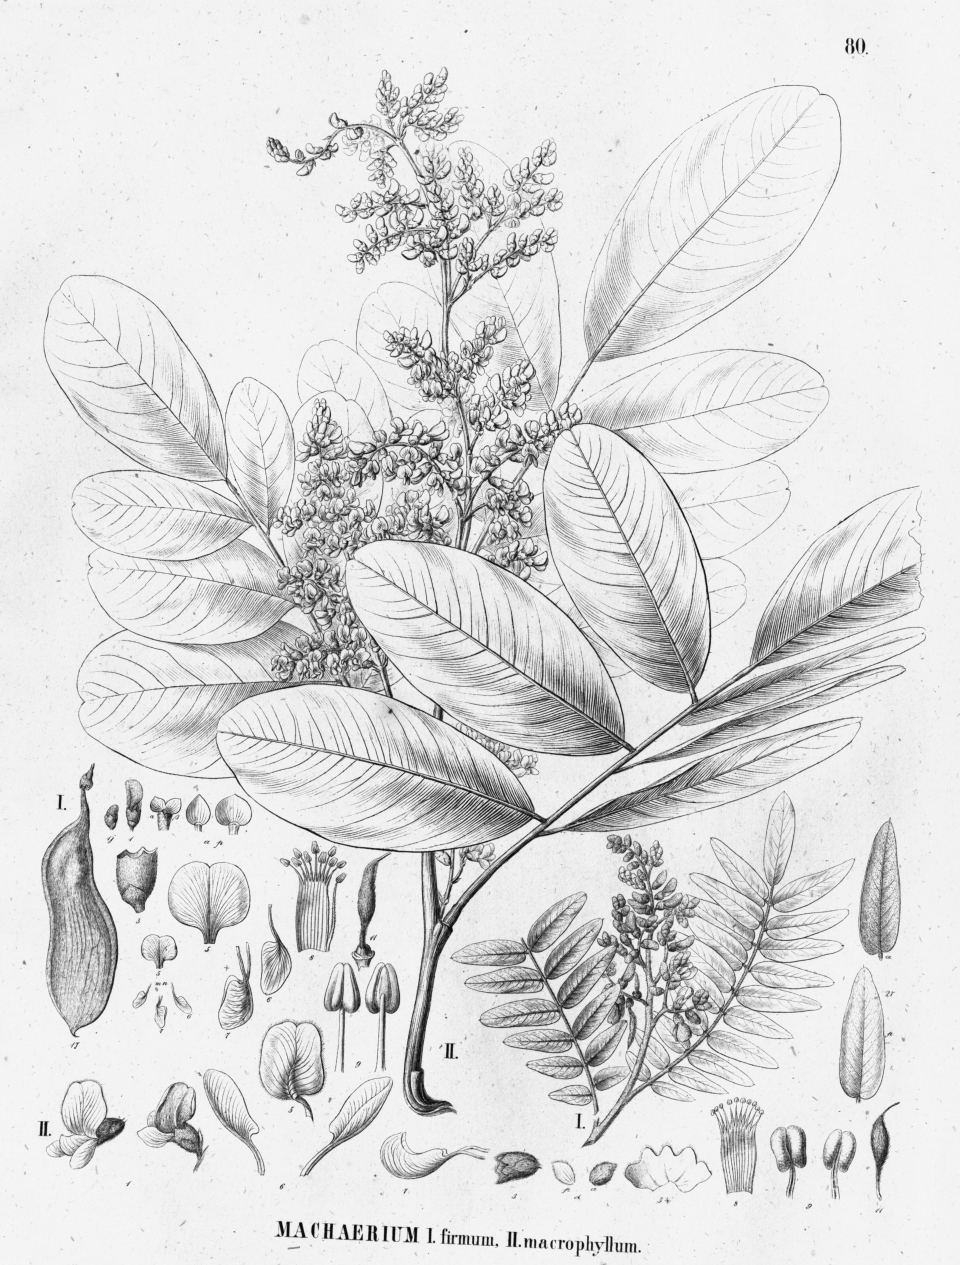 Machaerium macrophyllum
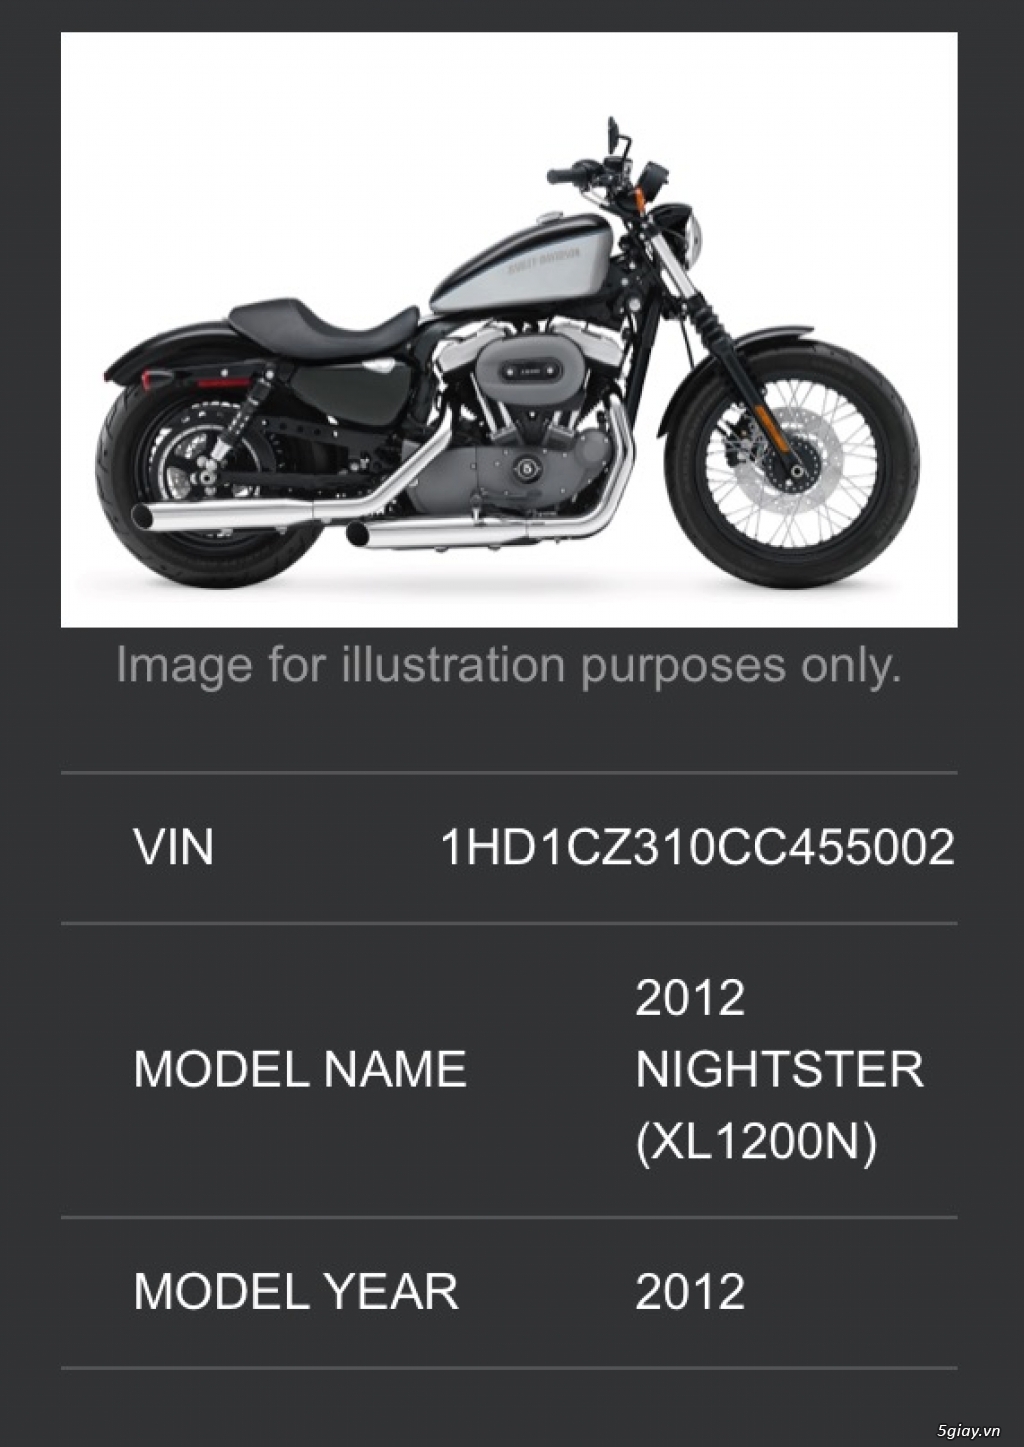 Bán Harley Davidson Nightster 1200cc bản nội địa Mỹ 2015 - 8
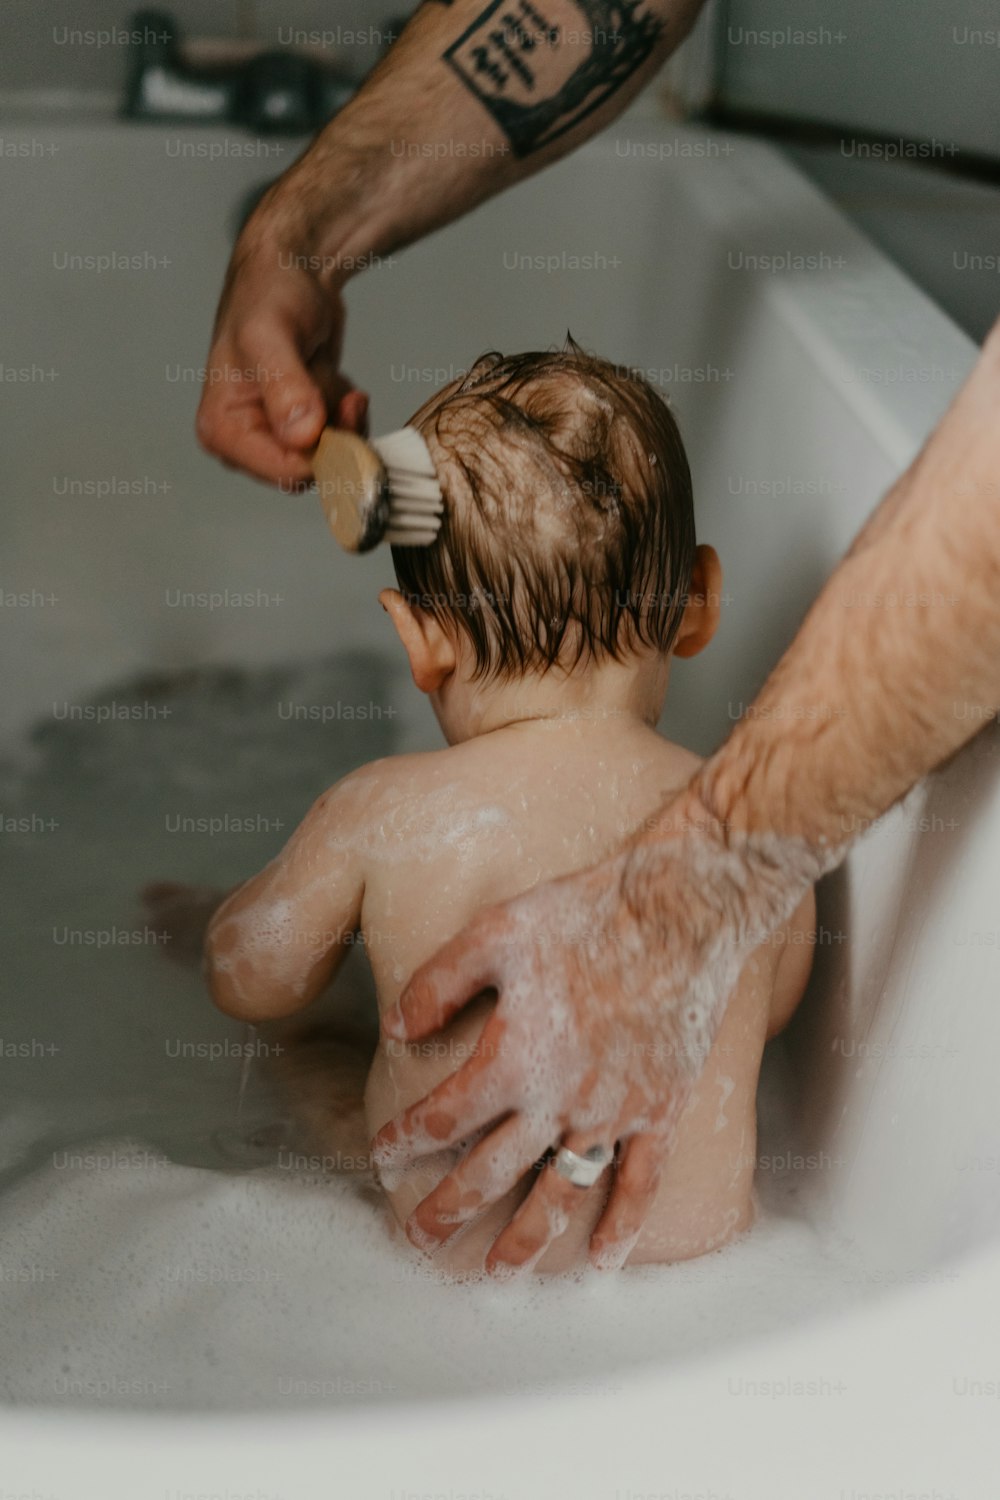 Un homme brossant les cheveux d’un enfant dans une baignoire
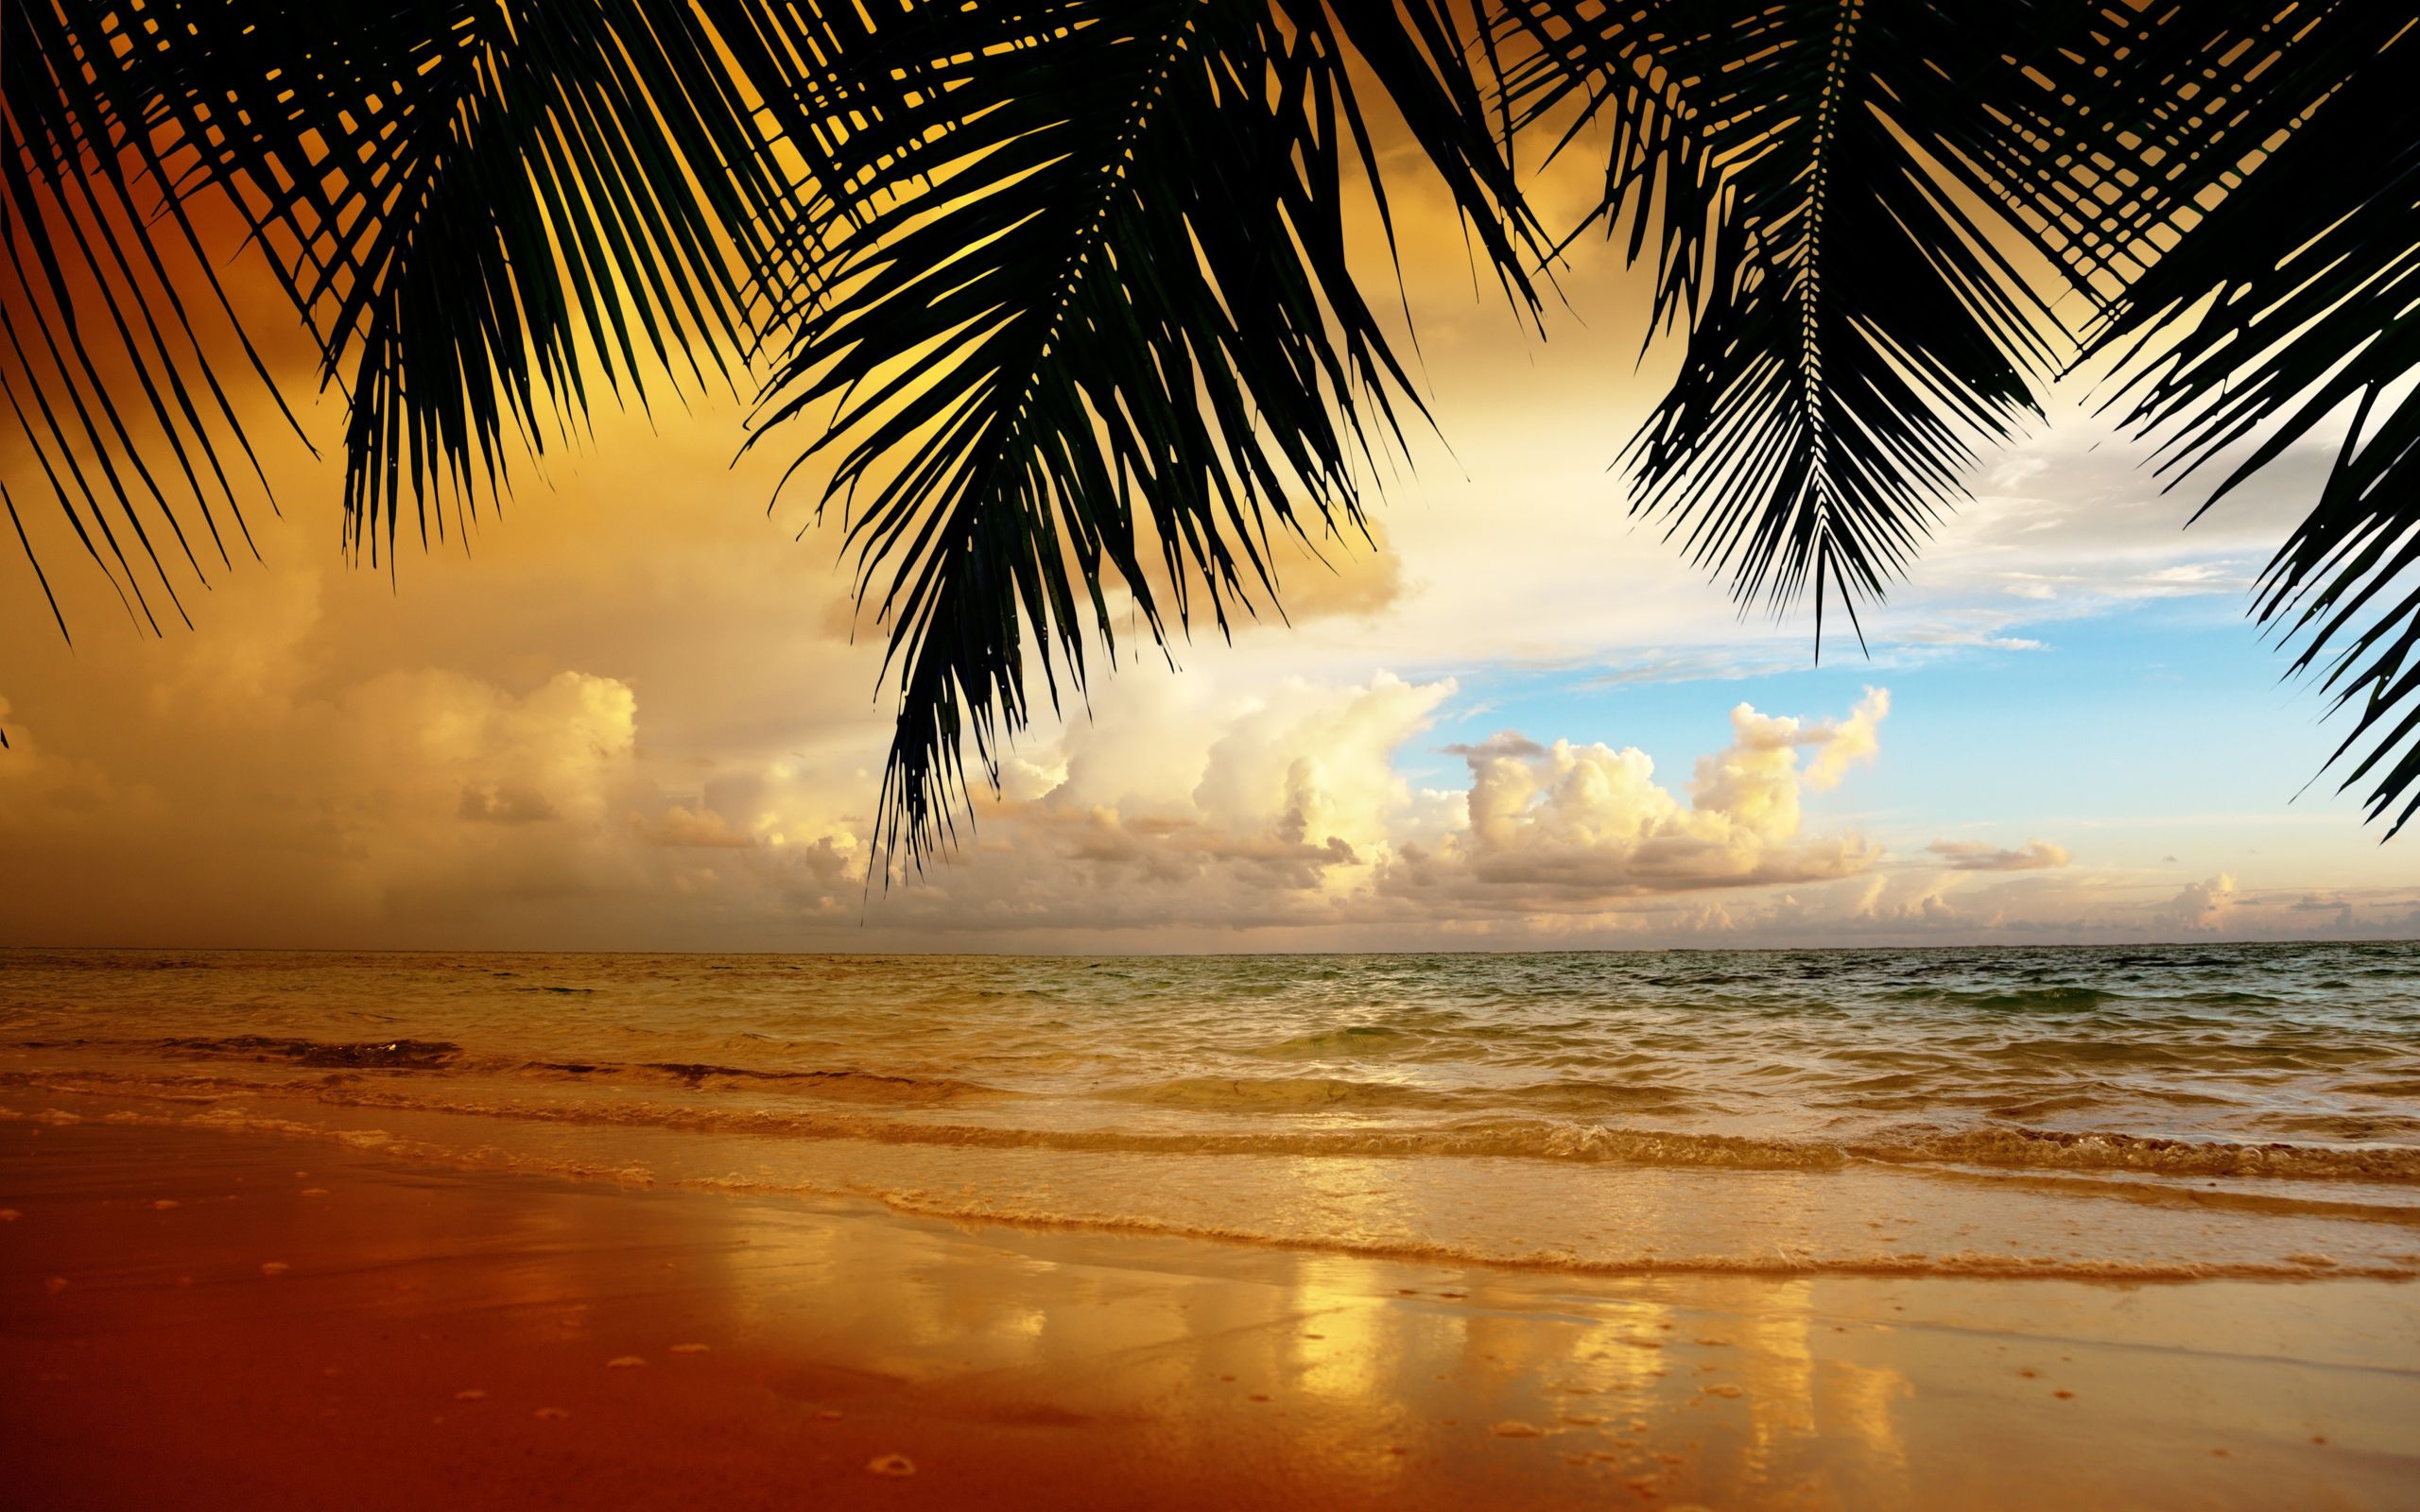  Strand Hintergrundbild 2560x1600. Strand Hintergrundbilder für den Desktop, kostenlose Strand Bilder und Hintergründe für PC herunterladen
* * * * *
- [To do] Nothing but the pictures is to be left out; repeat the data exactly.

- [Solution below]
 Machaerium macrophyllum
 Bán Harley Davidson Nightster 1200cc bản nội địa Mỹ 2015 - 8
 Un homme brossant les cheveux d’un enfant dans une baignoire
  Strand Hintergrundbild 2560x1600. Strand Hintergrundbilder für den Desktop, kostenlose Strand Bilder und Hintergründe für PC herunterladen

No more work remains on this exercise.